To explore the associations between candidate genes and other phenotypes, we conducted a phenotype scanning analysis by searching through previous GWAS to uncover links between the identified genes and various traits. This analysis utilized both the “phenoscanner” tool and the study by Kamat et al. [42]. An SNP was classified as pleiotropic if it met the following criteria: (a) the association achieved genome-wide significance (P < 5.00 × 10−8); (b) the GWAS was conducted in a population of European descent; and (c) the SNPs were associated with known risk factors of CVD, encompassing metabolic traits, proteins, and clinical characteristics. Ultimately, we ranked the genes based on their P values, prioritizing those with strong associations to CVD and its comorbidities.

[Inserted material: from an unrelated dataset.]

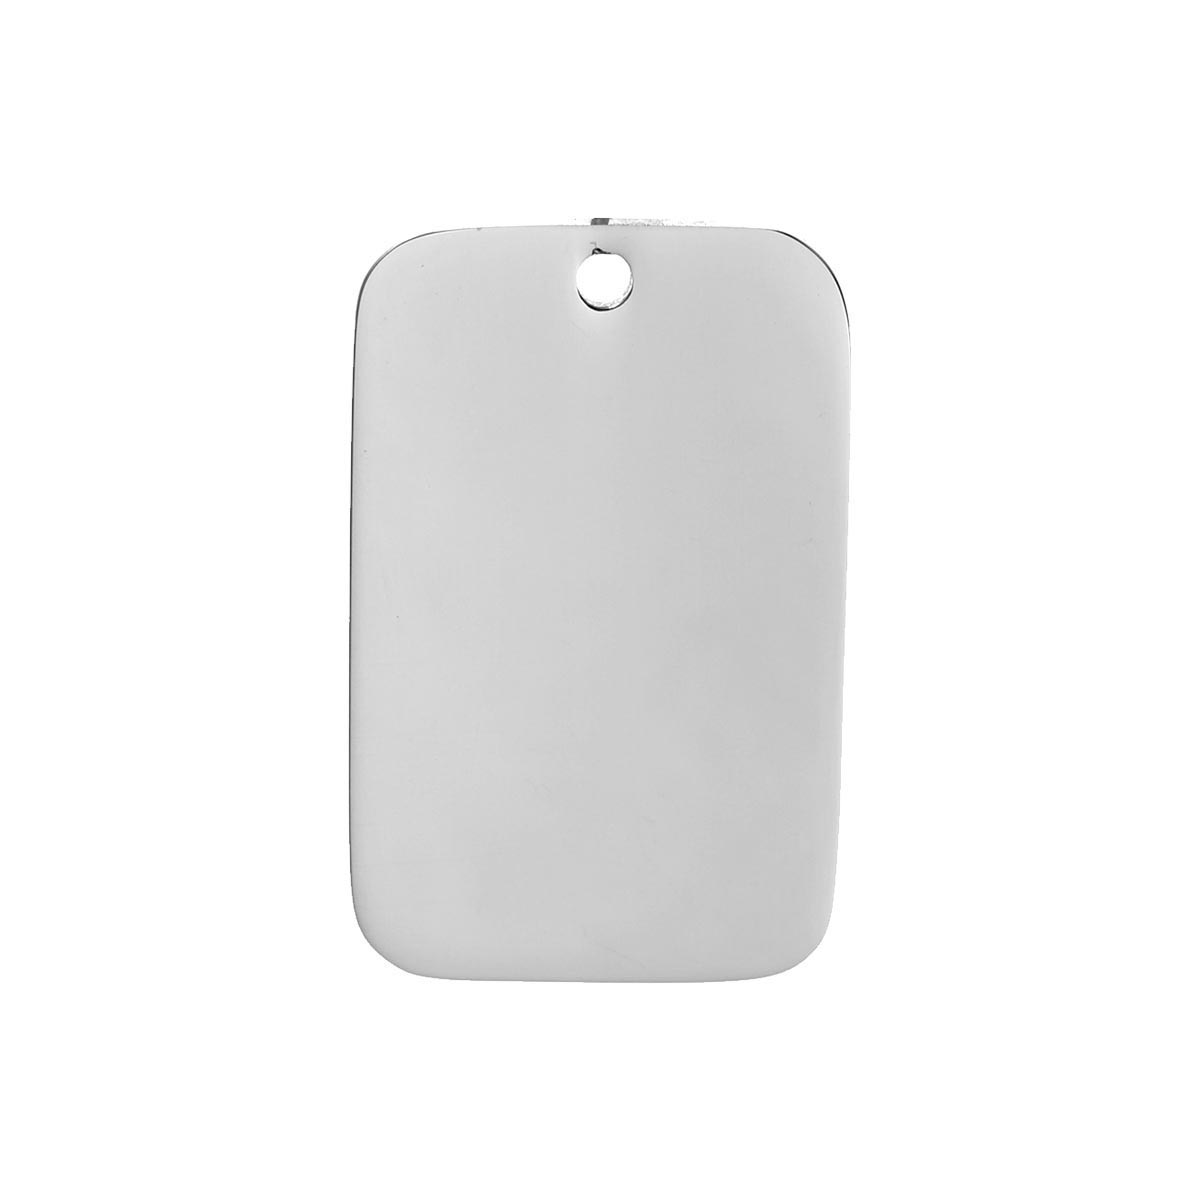 Picture of 304 Stainless Steel Blank Stamping Tags Pendants Rectangle Silver Tone One-sided Polishing 31mm x 20mm, 1 Piece
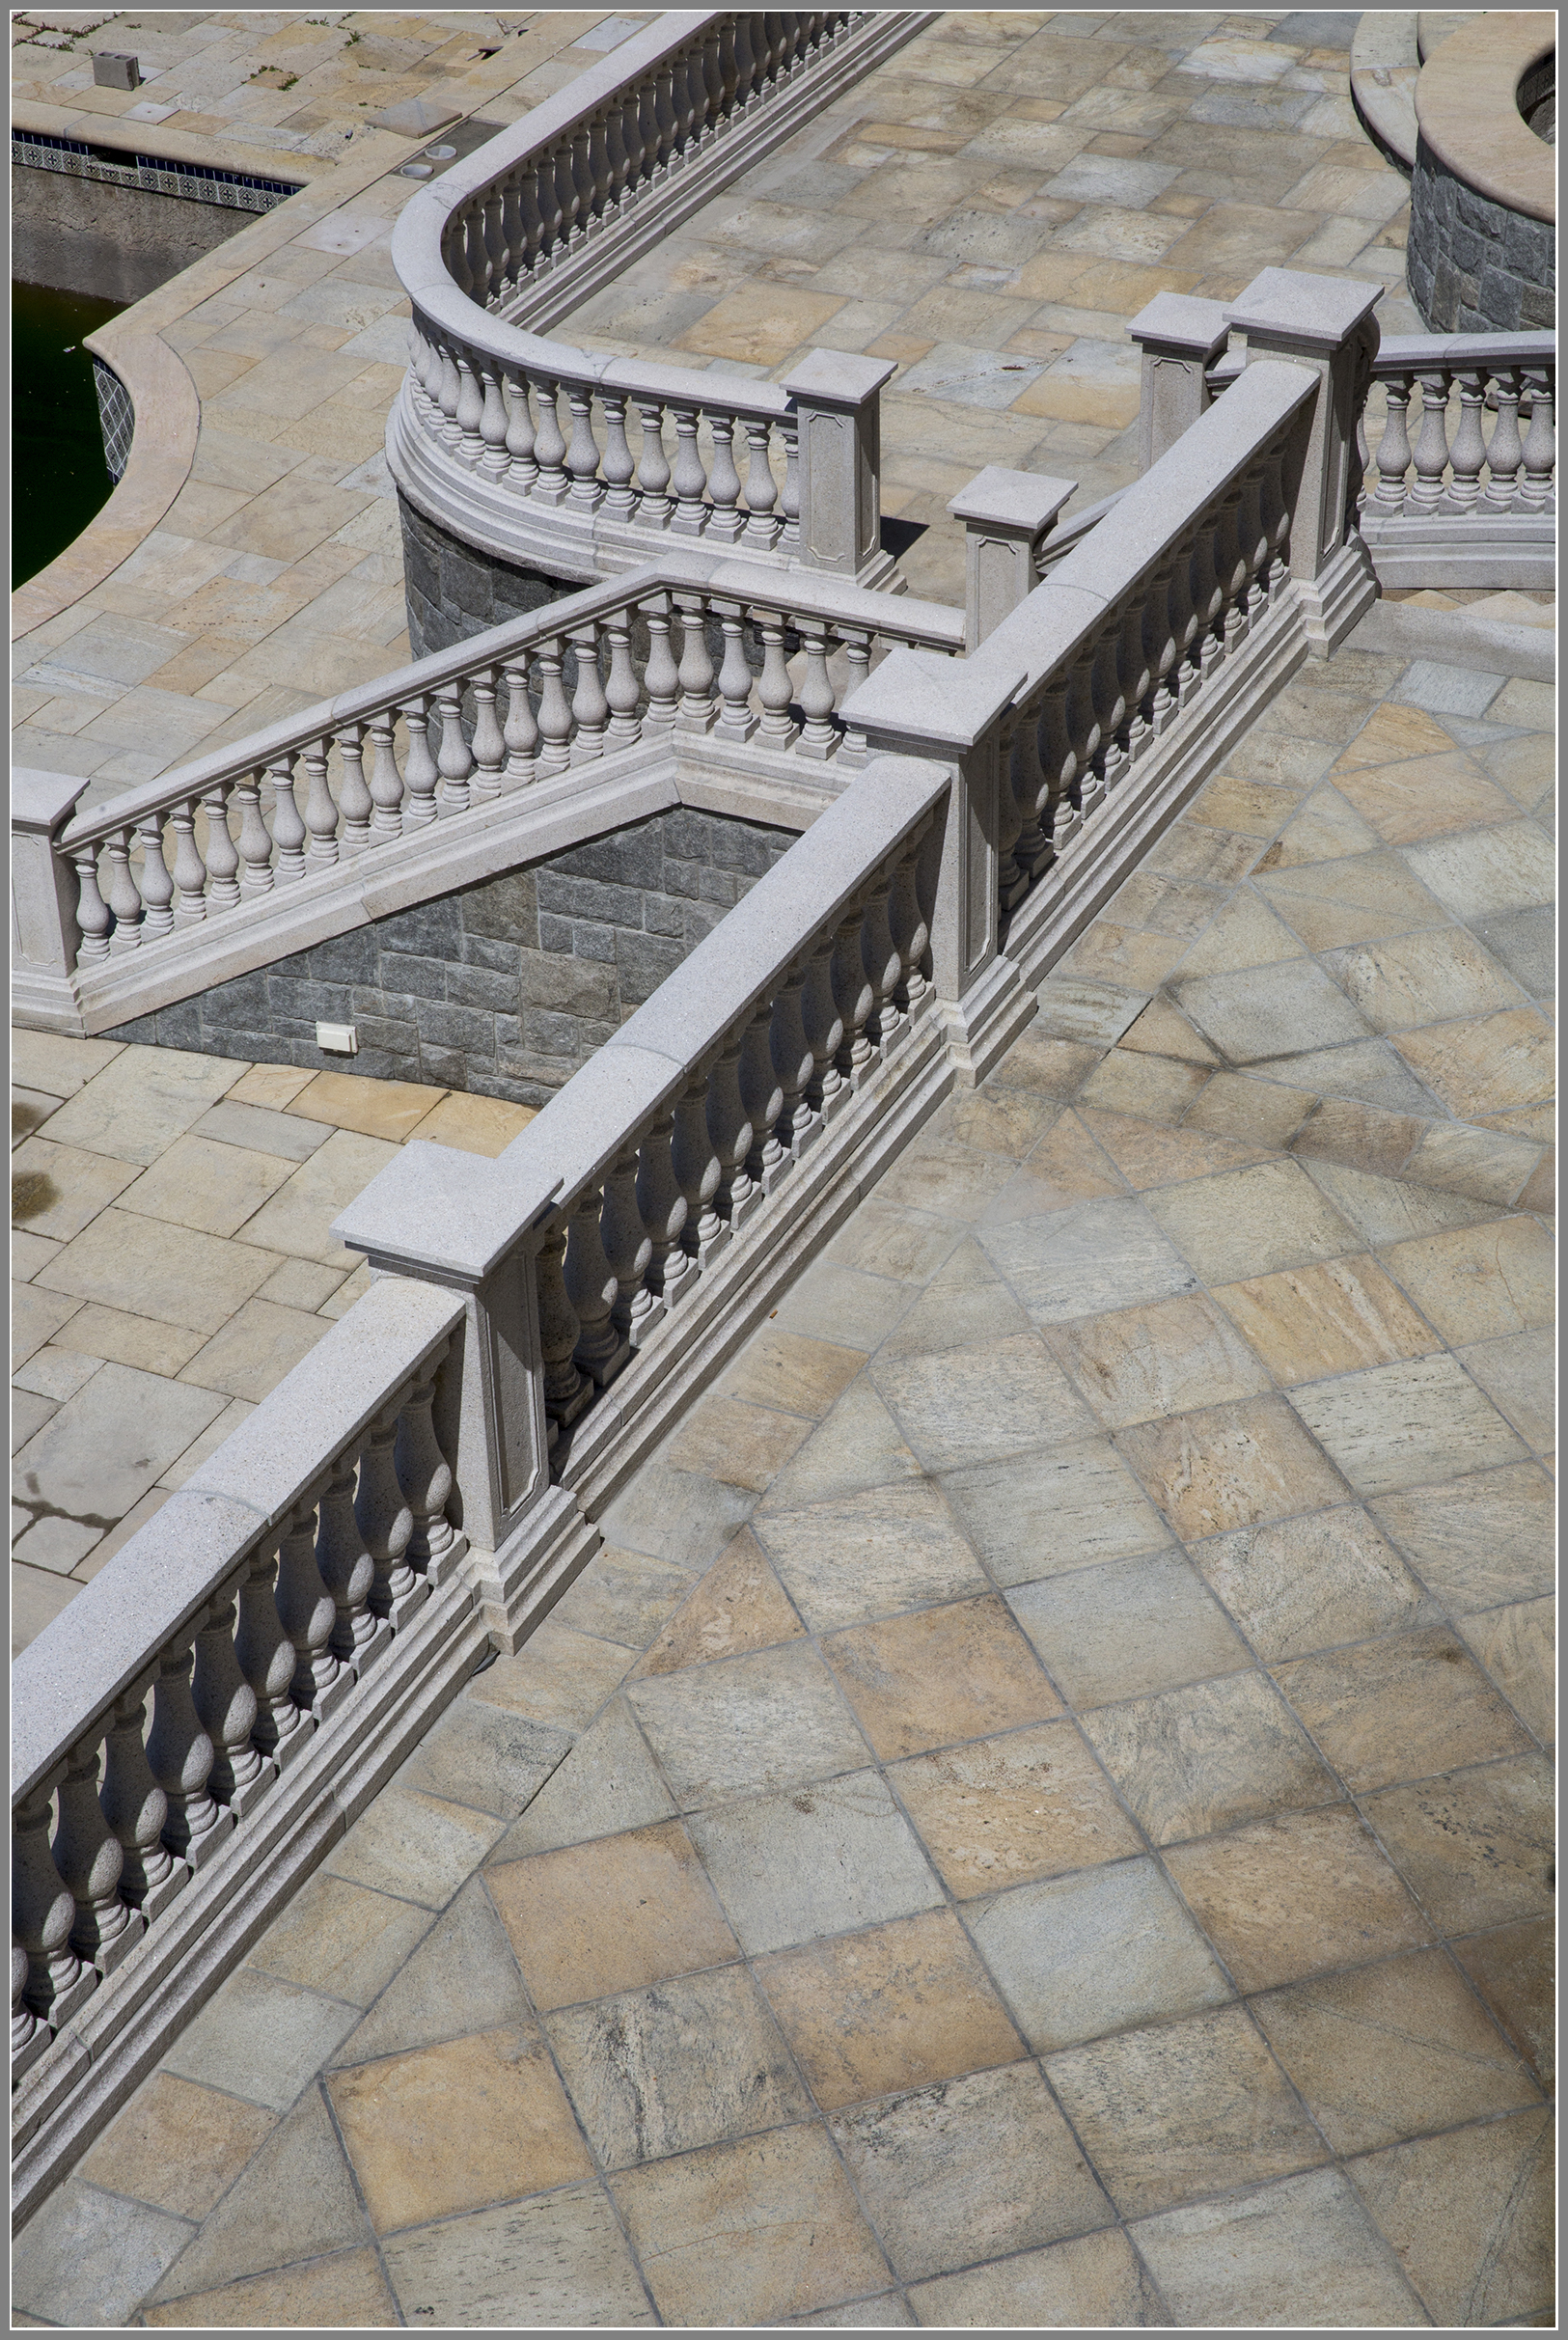 Granite balustrade system and patio

To assess the “novelty” and “potential” of our priority targets, we devised a scoring system inspired by previous methodologies [43,44]. This system encompasses 6 criteria, with the overall score being the aggregate of the criteria met: (a) genes deemed significant from GWAS of CVD, exhibiting OR ≥ 1.05 or ≤ 0.95 and P ≤ 0.01; (b) genes derived significant from colocalization analysis of CVD, exhibiting PH4 value > 0.8; (c) genes prioritized through an extensive PubMed literature review; (d) genes identified as significant in CVD or their associated complications; (d) phenotypes linked to CVD or related complications, obtained via gene-based PheWAS with P < 5.00 × 10−8; and (e) genes annotated as therapeutic targets in databases like DrugBank [15], ChEMBL [16], and The Human Protein Atlas [17]. Targets fulfilling 4 of these criteria were classified as high potential, while those not meeting this benchmark were regarded as relatively novel and less studied. Targeted drugs were selected based on their associations with the identified targets in DrugBank and ChEMBL, prioritizing those with direct target action and clinical development stages: marketed products, phase III trials, phase II trials, phase I trials, and preclinical studies. Consequently, we identified preferred drug targets and potential targeted therapeutic agents.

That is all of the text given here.